The present case with toxic insulin-derived amyloidosis had a history of diabetic gangrene with sepsis and had taken antibiotics including minocycline for several weeks before the amyloidosis was found. Such conditions, especially the use of antibiotics, may have caused a structural change in the amyloid deposits of insulin-derived amyloidosis, which may be involved in inducing toxicity. In fact, minocycline might be a possible cause for the structural change, because tetracycline and its derivatives have been reported to disrupt amyloid fibrils of transthyretin [19], β2-microglobulin [20], and immunoglobulin light chain [21]. To evaluate the effects of minocycline, incubation studies of minocycline were performed, using two different forms of mature insulin amyloid, insulin fibrils and insulin filaments [14, 15]. The study showed a decrease in the fluorescence of an amyloid probe dye, Thioflavin T, with incubation with pharmacological concentrations (1–5 μM) of minocycline and both forms of insulin amyloid, suggesting a possible structural change of insulin amyloid (Additional file 1: Figure S1). However, further studies are needed to investigate the possible effects of minocycline on insulin-derived amyloidosis.

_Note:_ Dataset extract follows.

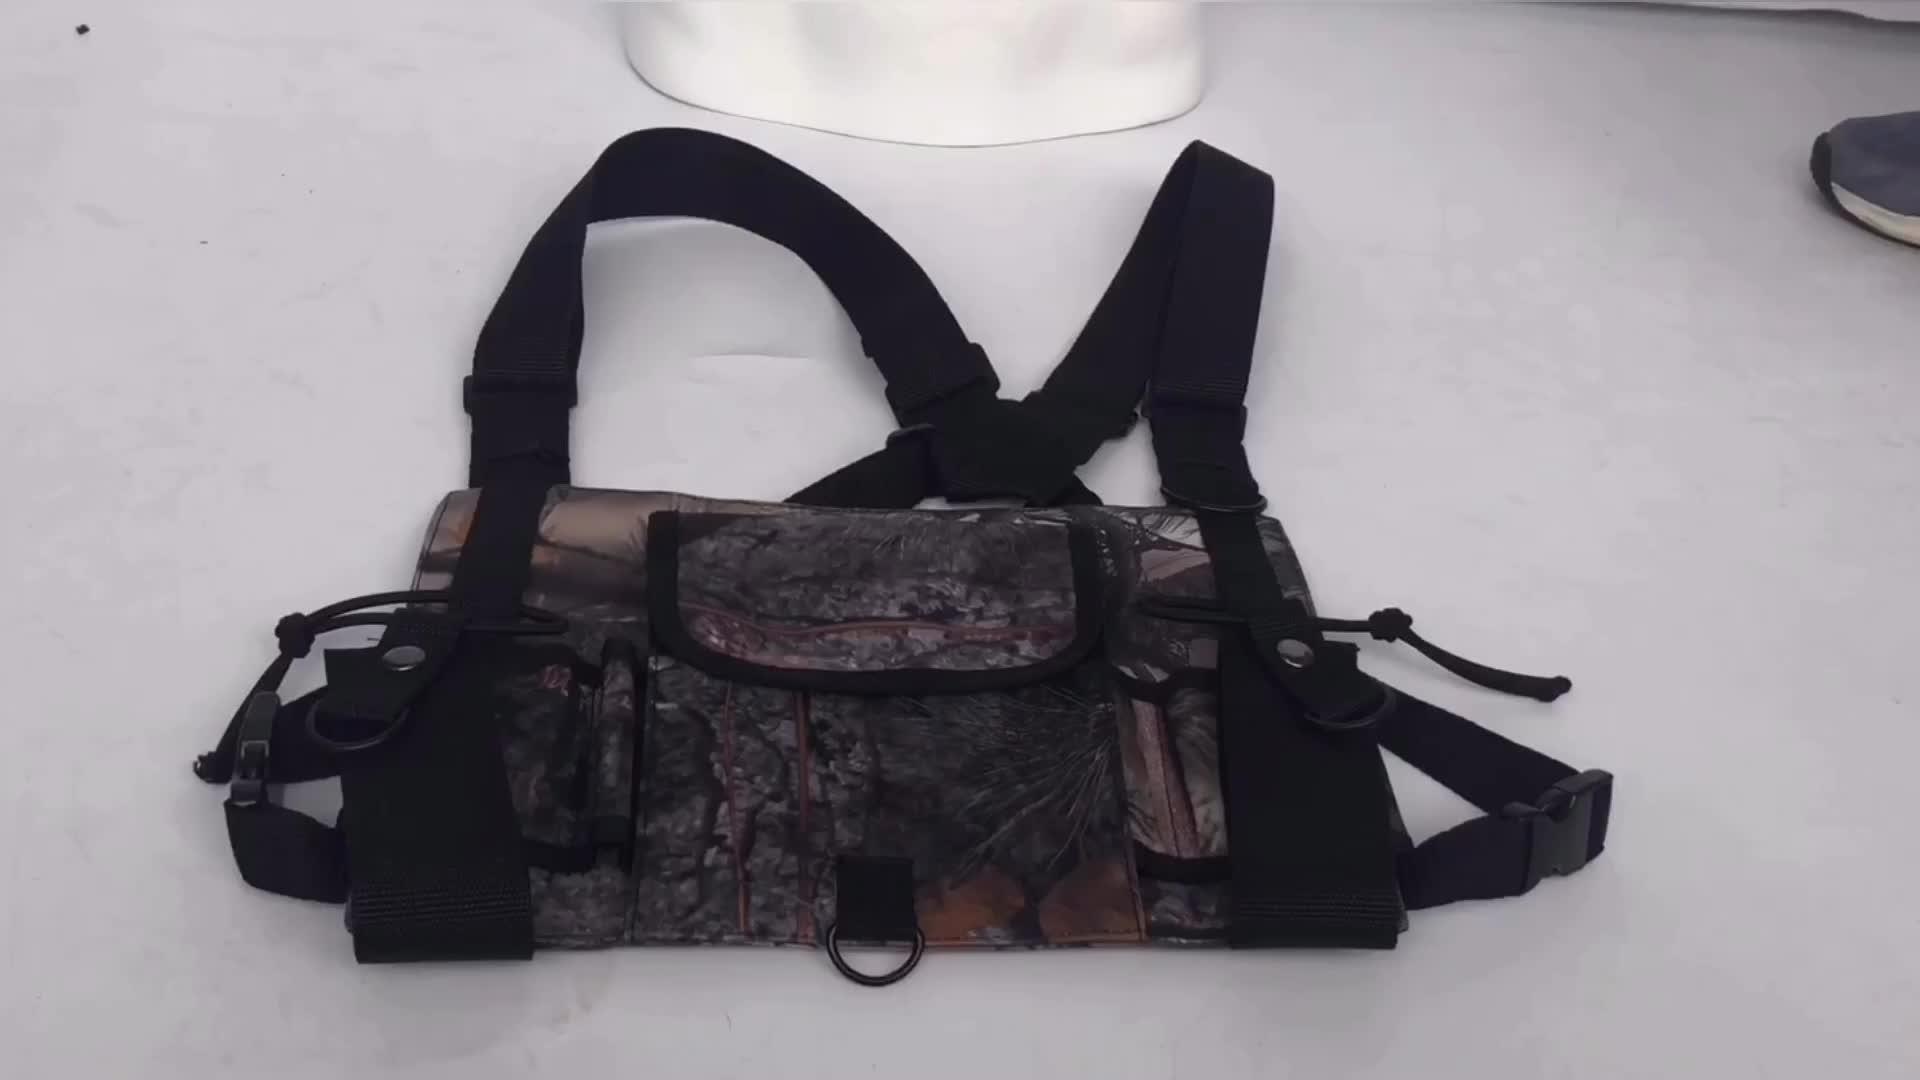 Camouflage Universal Radio Harness Vest with Adjustable Shoulder Chest

The clinical characteristics of the present case with toxic insulin-derived amyloidosis were compared with those of the other 15 cases, including the four cases in the present study, with insulin-derived amyloidosis that we had seen. The present case with toxic amyloidosis had type 2 diabetes, whereas six had type 1 diabetes and nine had type 2 diabetes of the 15 cases. The duration of insulin therapy and daily insulin dose in the present case were 15 years and 52 units, respectively, whereas the average duration of insulin therapy and daily insulin dose in the 15 cases were 17 years and 53 units, respectively. Additionally, insulin preparations used in the present case were insulin lispro and insulin glargine (Table 1), and eight of the 15 patients also used insulin lispro and insulin glargine. Thus, the clinical characteristics of the present case with toxic insulin-derived amyloidosis were similar to those of other cases with insulin-derived amyloidosis.

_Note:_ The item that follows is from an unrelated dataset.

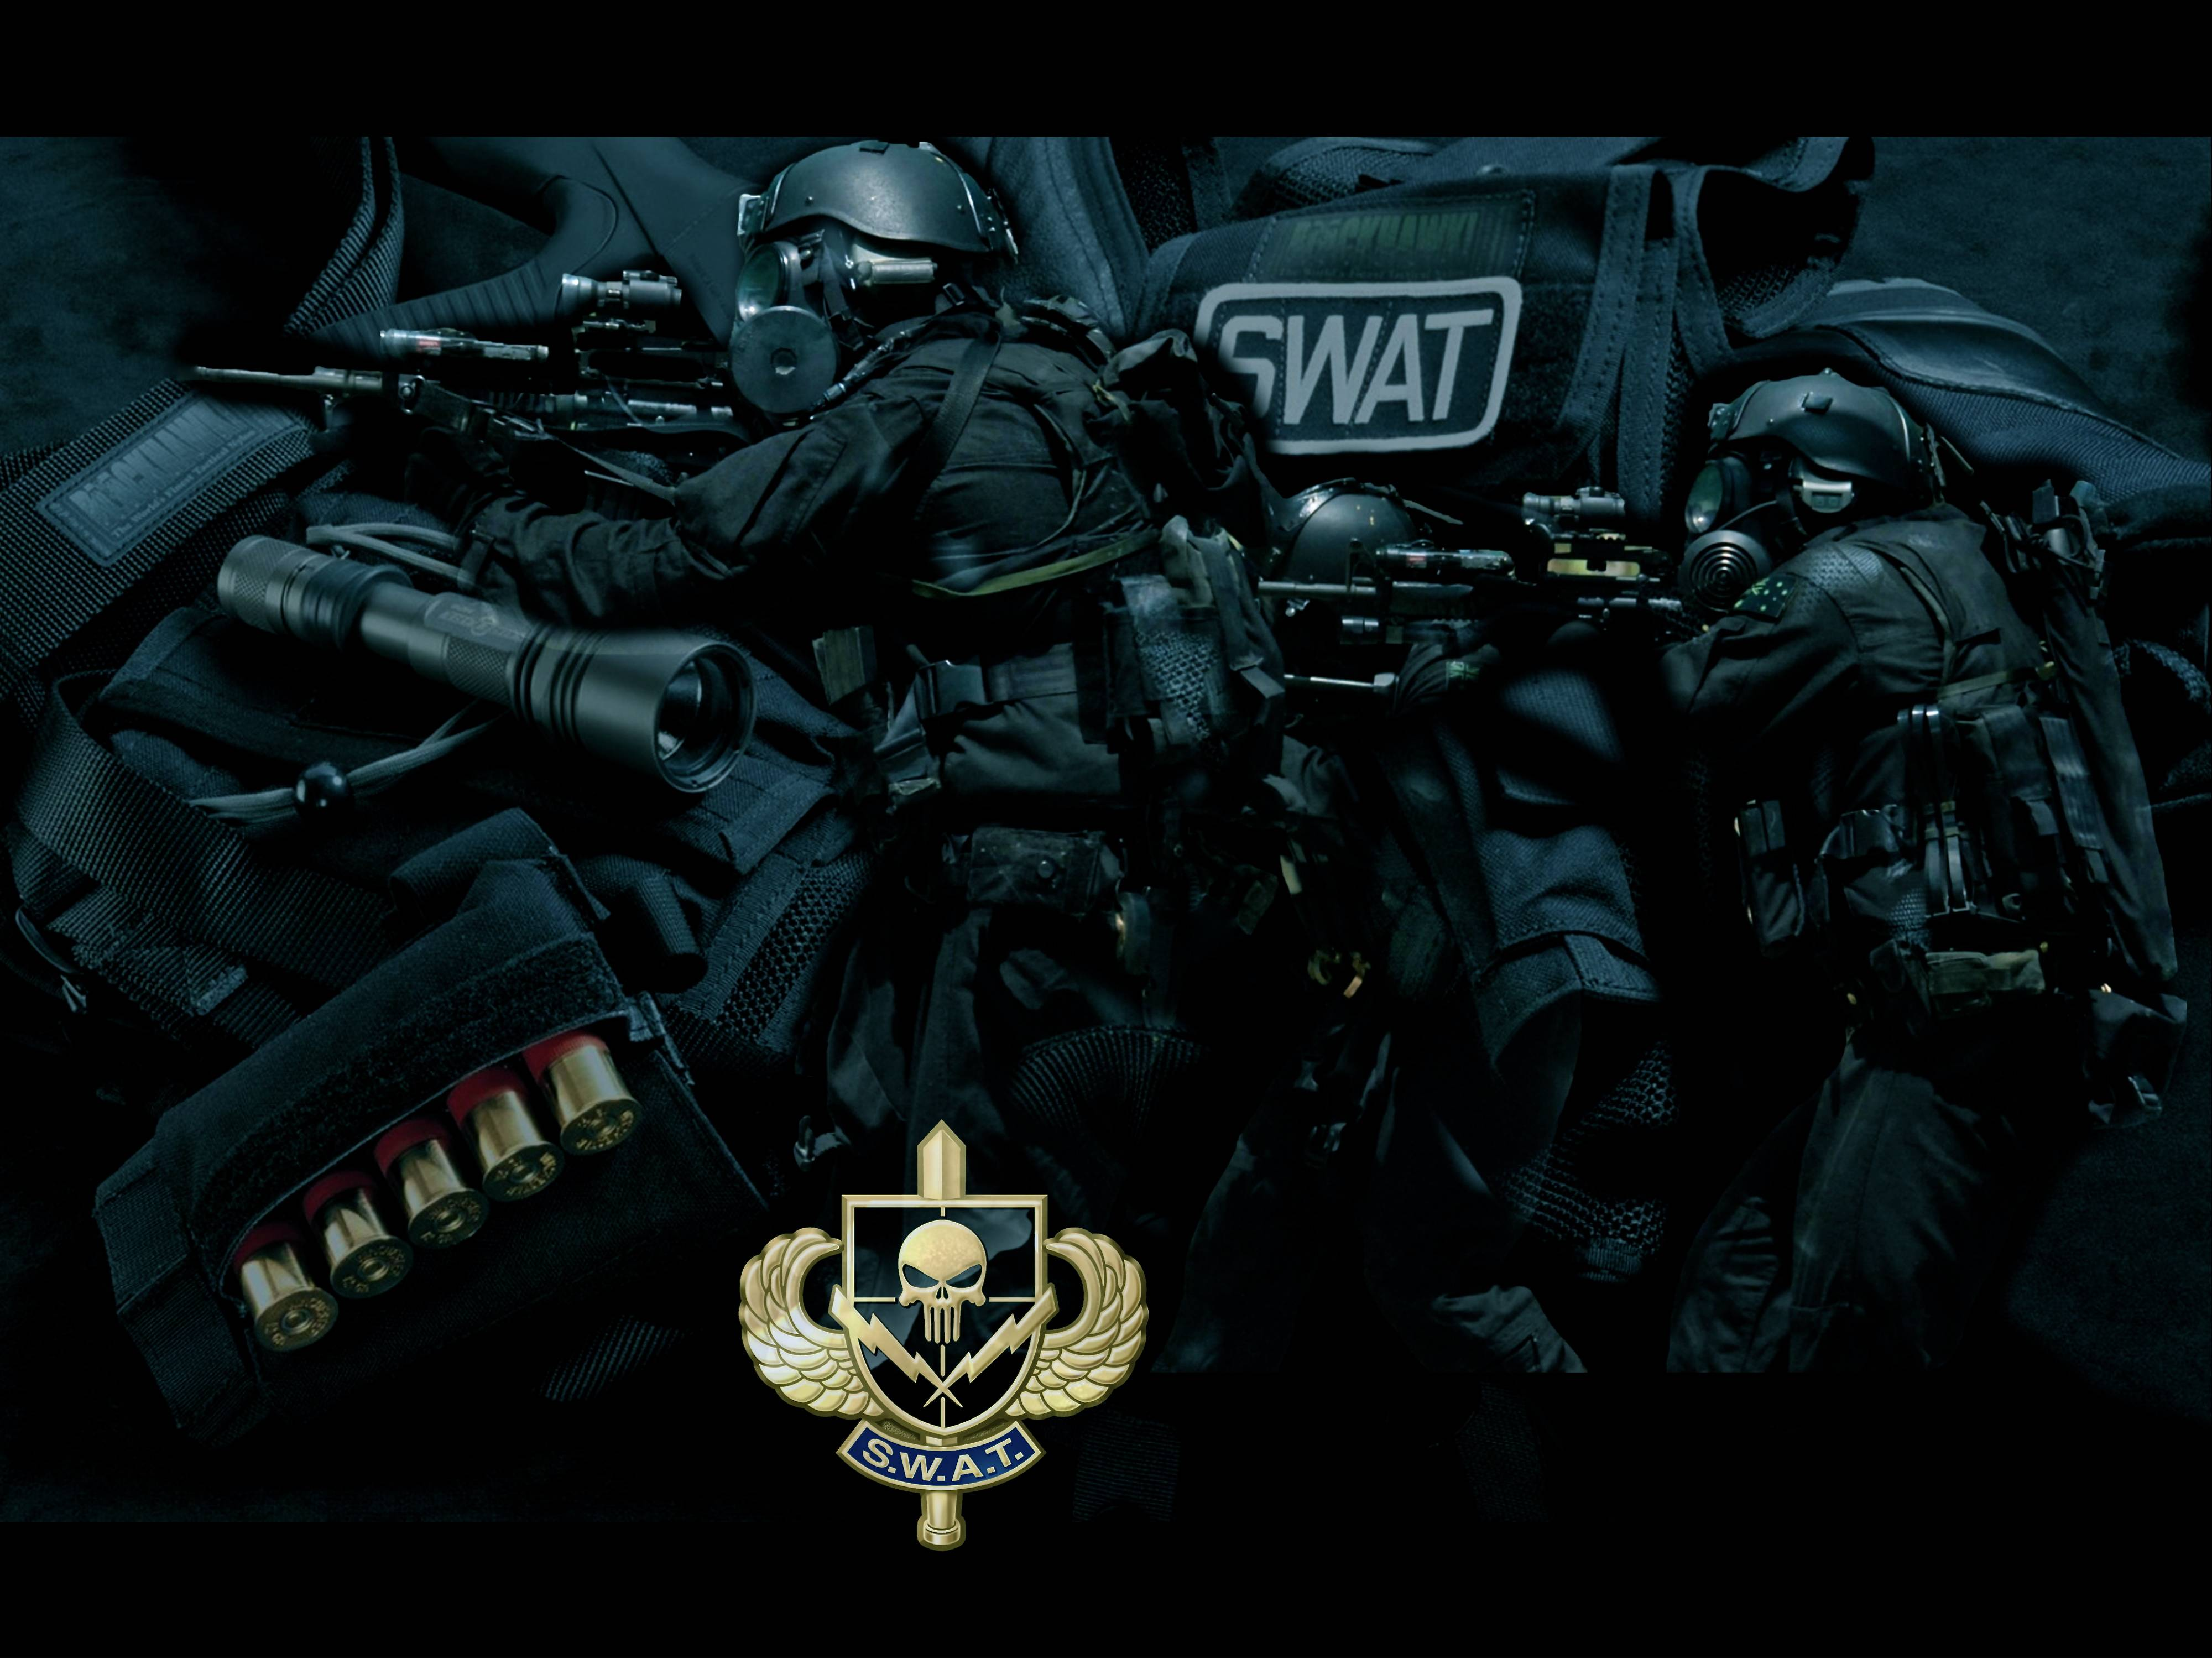 Swat Team Wallpapers 4000x3000

In conclusion, this report showed that toxic insulin-derived amyloidosis can occur. In addition, this report suggested that toxic insulin-derived amyloidosis may cause necrosis in the surrounding tissue. Although the toxic amyloid deposit of insulin-derived amyloidosis was found in only one patient, no structural differences between toxic and non-toxic deposits were found on histological and immunohistochemical studies. Further studies are necessary to clarify the relationship between toxicity and the structure of insulin-derived amyloidosis and to understand the mechanisms that induce the toxicity of insulin-derived amyloidosis.